WHAT THIS TASK INVOLVES
Print every line below exactly as written, but leave the pictures behind.

[SUPPLIED INFORMATION]

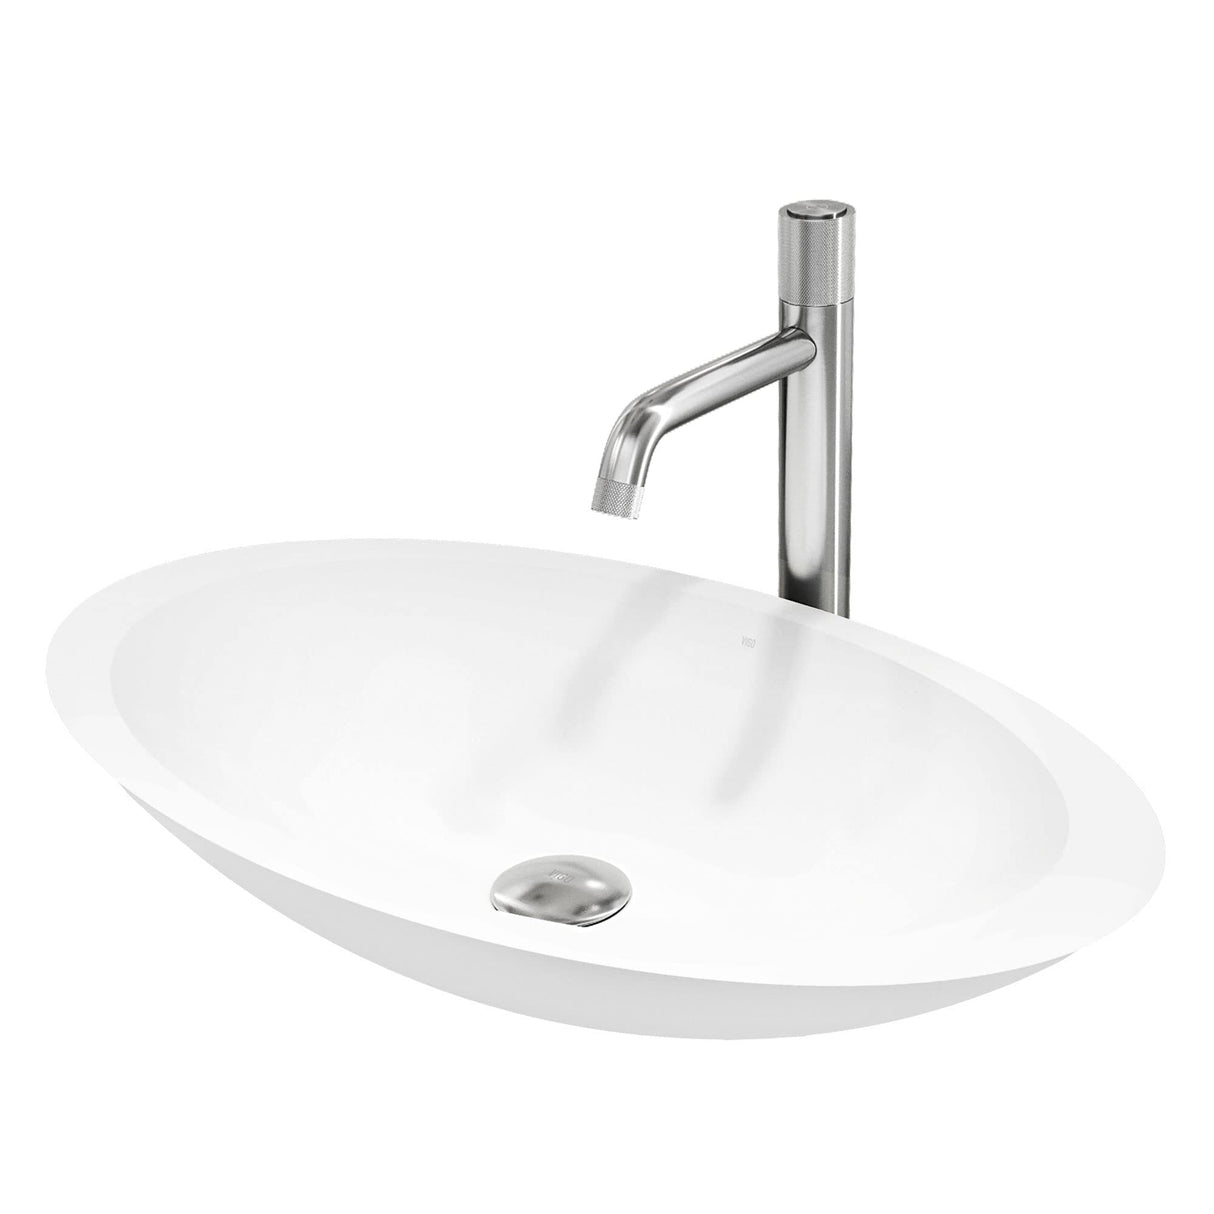 VIGO VGT2051 13.5" L -23.13" W -3.88" H Matte Stone Wisteria Composite Oval Vessel Bathroom Sink in White with Apollo Faucet and Pop-Up Drain in Brushed Nickel
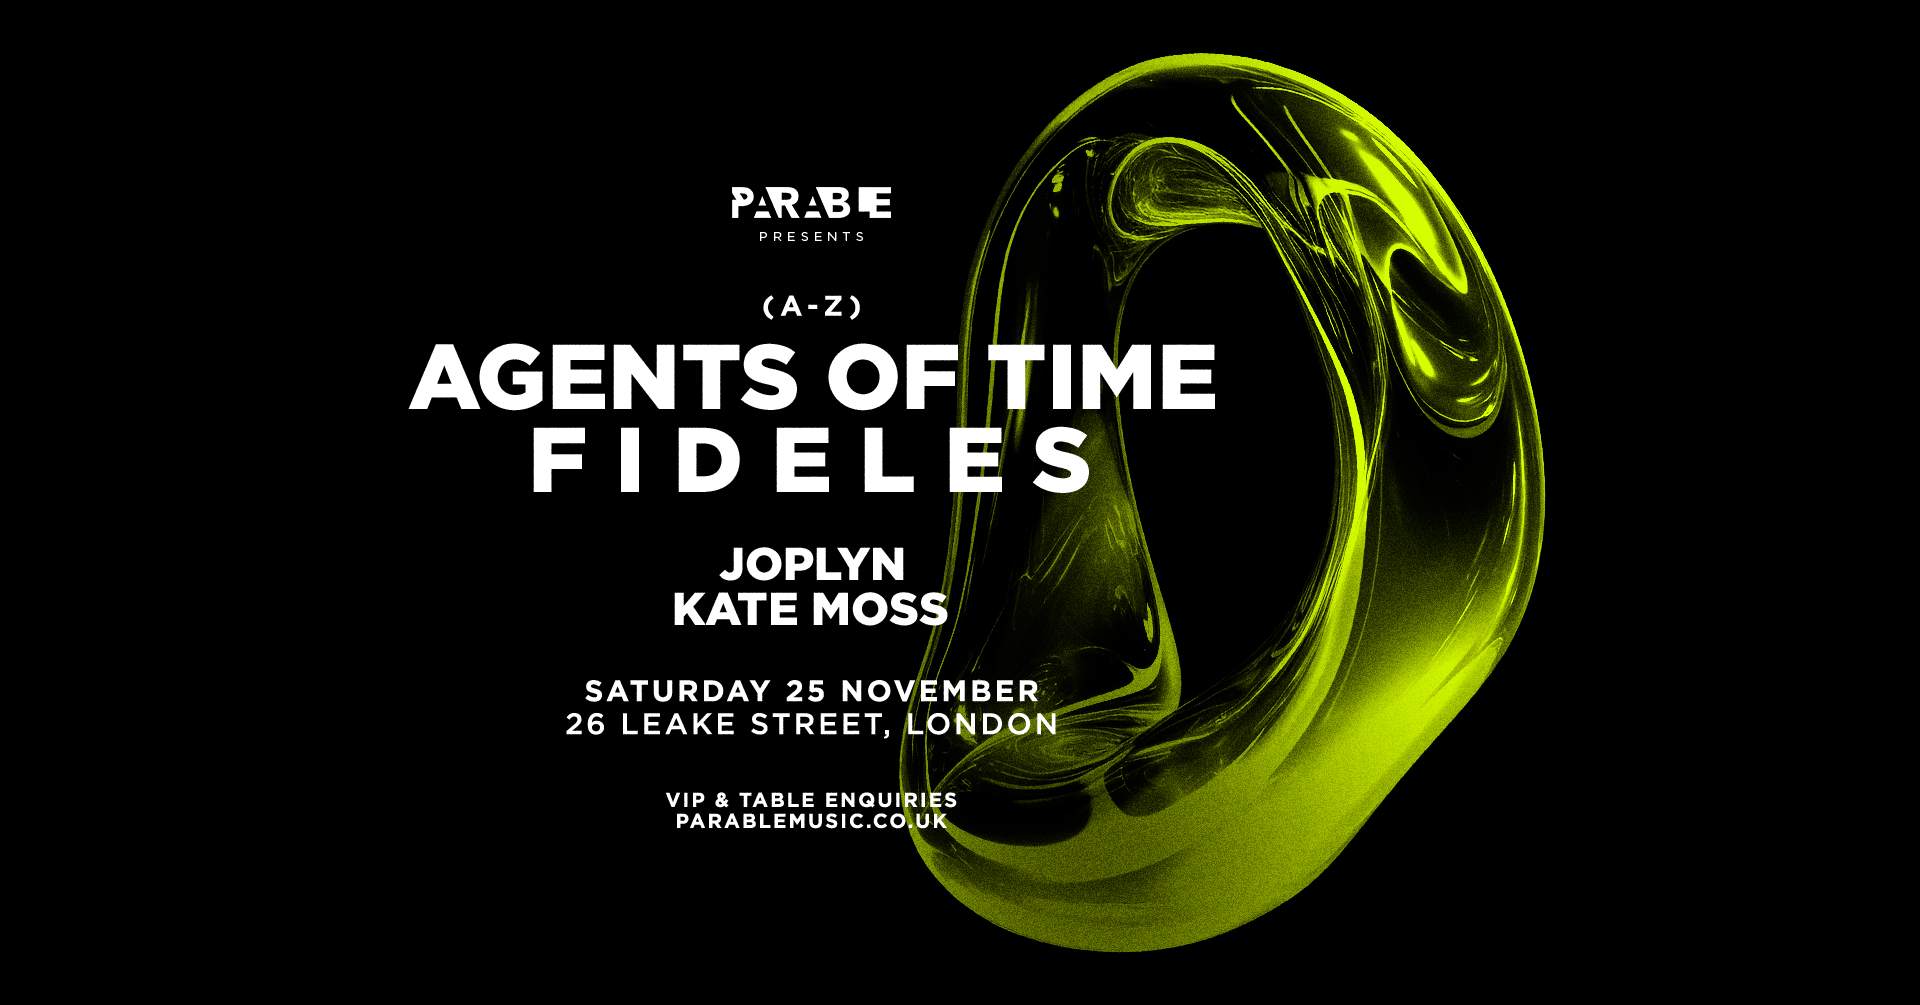 Parable presents: Agents of Time, Fideles, Joplyn - Página frontal
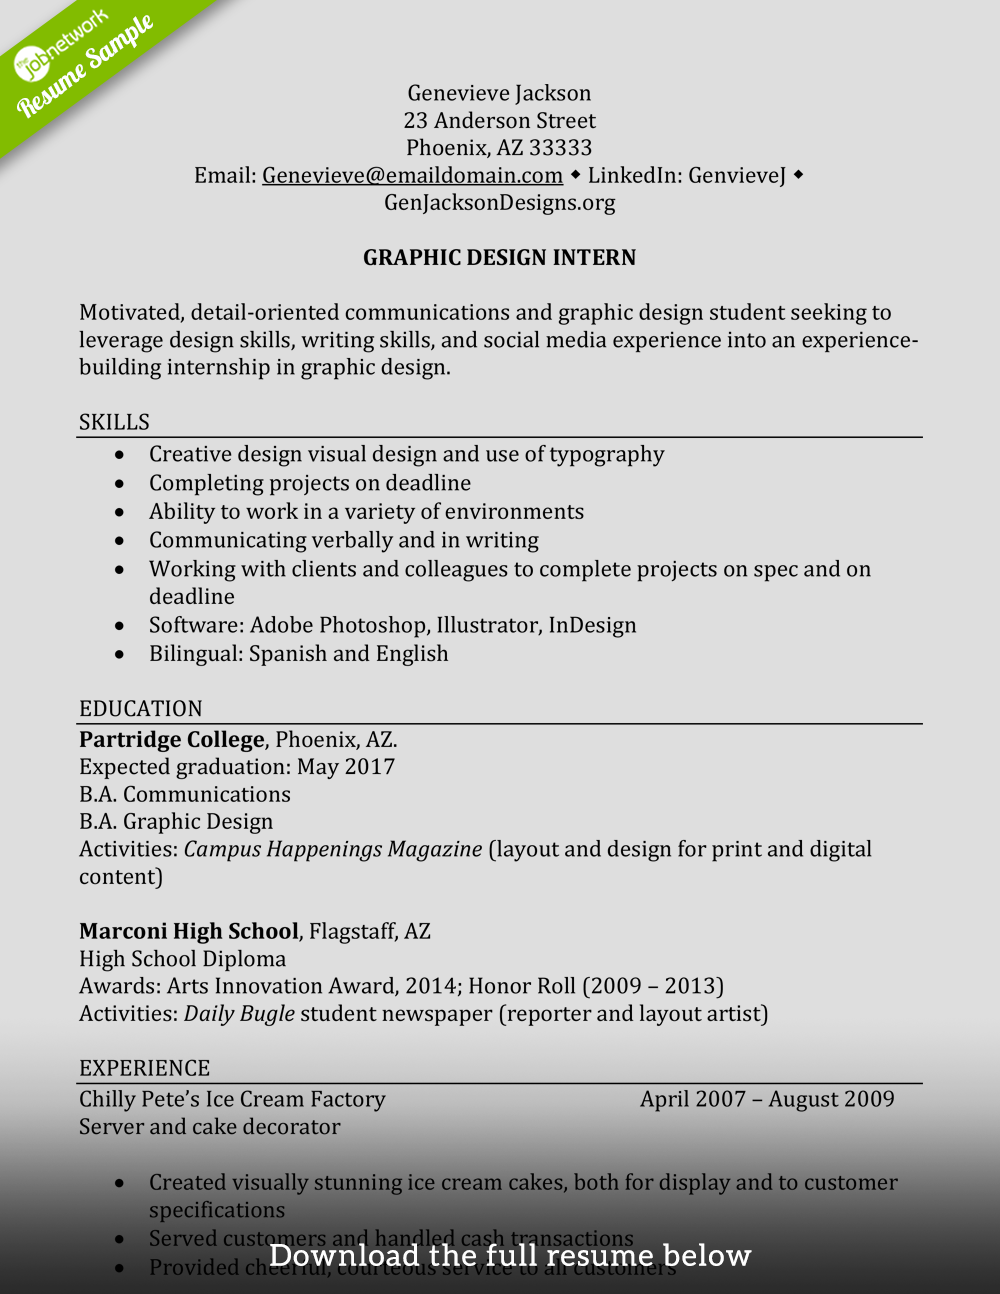 How to Write a Perfect Internship Resume (Examples Included)

[/SUPPLIED INFORMATION]

YOUR SOLUTION
 VIGO VGT2051 13.5" L -23.13" W -3.88" H Matte Stone Wisteria Composite Oval Vessel Bathroom Sink in White with Apollo Faucet and Pop-Up Drain in Brushed Nickel
 Parable presents: Agents of Time, Fideles, Joplyn - Página frontal
 How to Write a Perfect Internship Resume (Examples Included)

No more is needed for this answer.